Line by line, retype the material exactly and leave each picture out.

● Dataset excerpt:
Start of Block

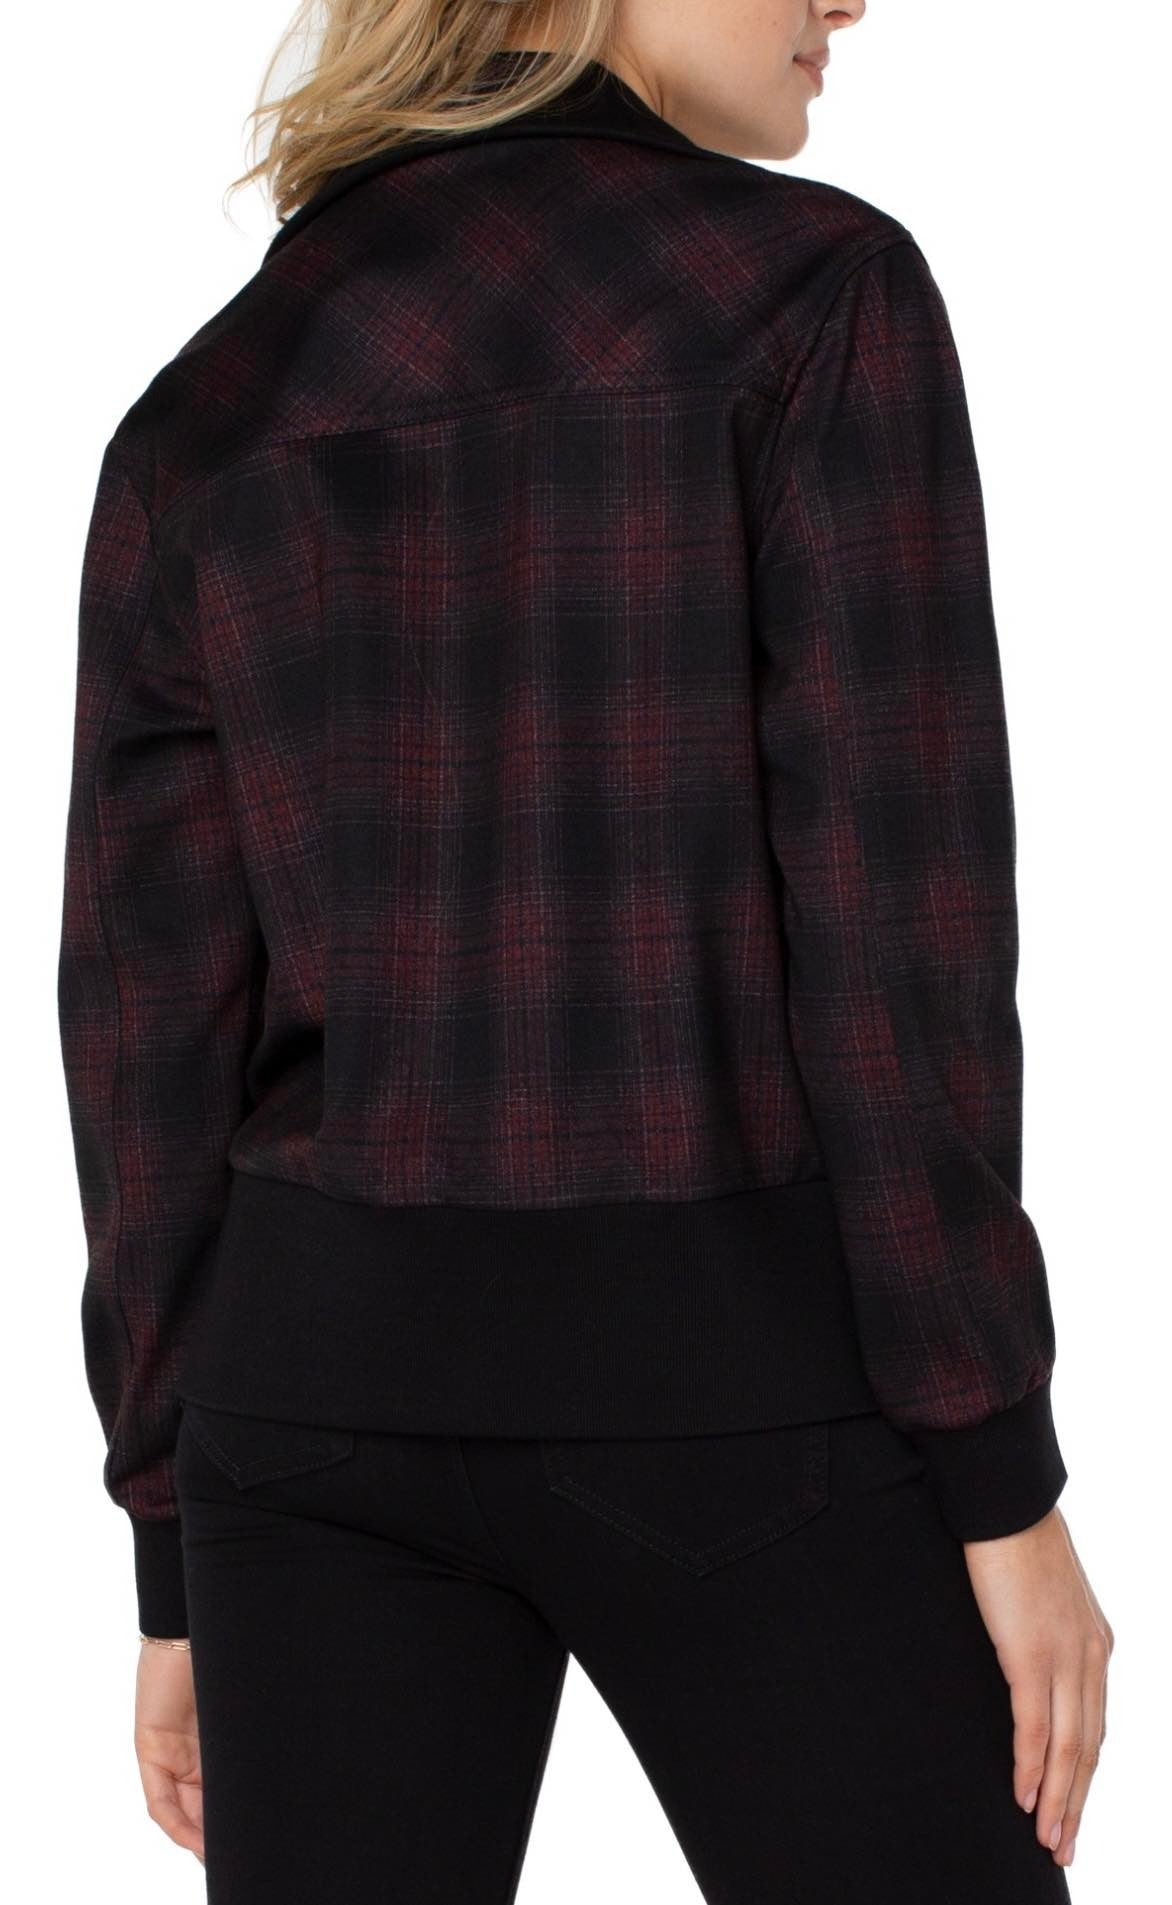 Liverpool Collared plaid Bomber Jacket - Clearance Final Sale
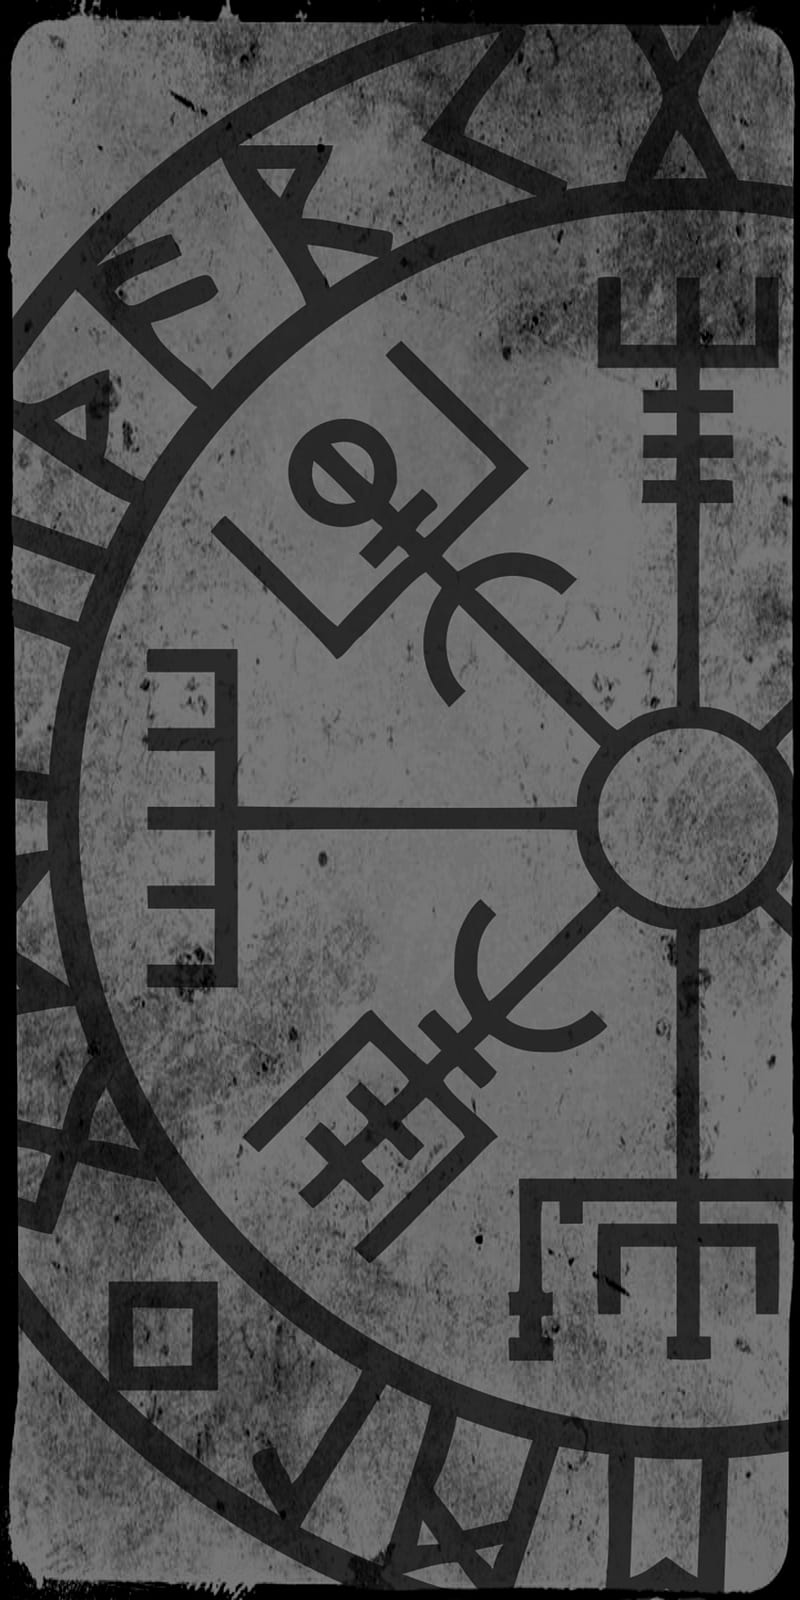 Buy VEGVÍSIR Phone Wallpaper Smartphone Iphone Samsung Android Online in  India  Etsy
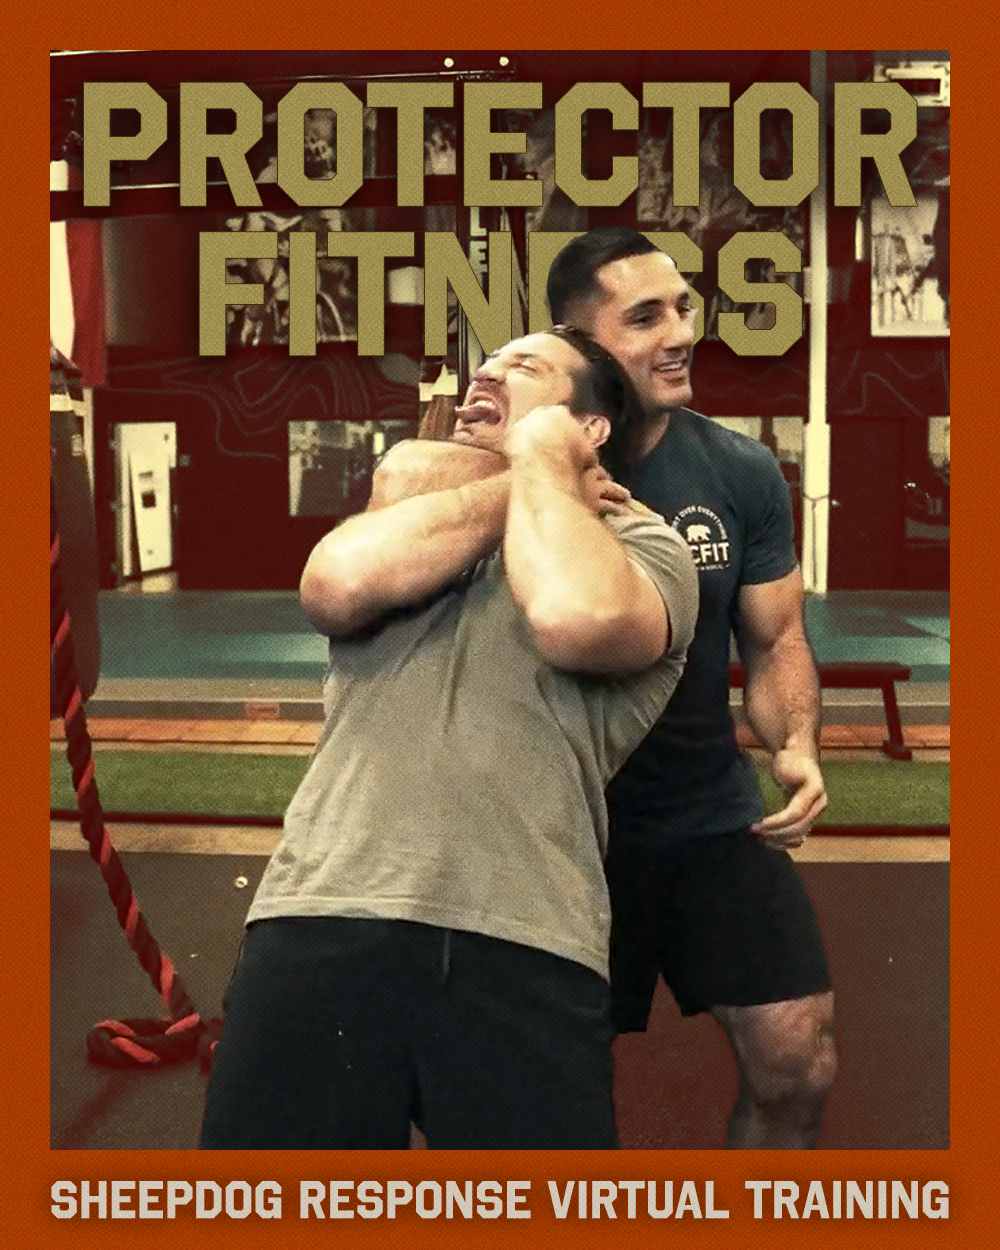 Protector Fitness Online Training

End of Block

● Response box:
 Liverpool Collared plaid Bomber Jacket - Clearance Final Sale
 Buy VEGVÍSIR Phone Wallpaper Smartphone Iphone Samsung Android Online in  India  Etsy
 Protector Fitness Online Training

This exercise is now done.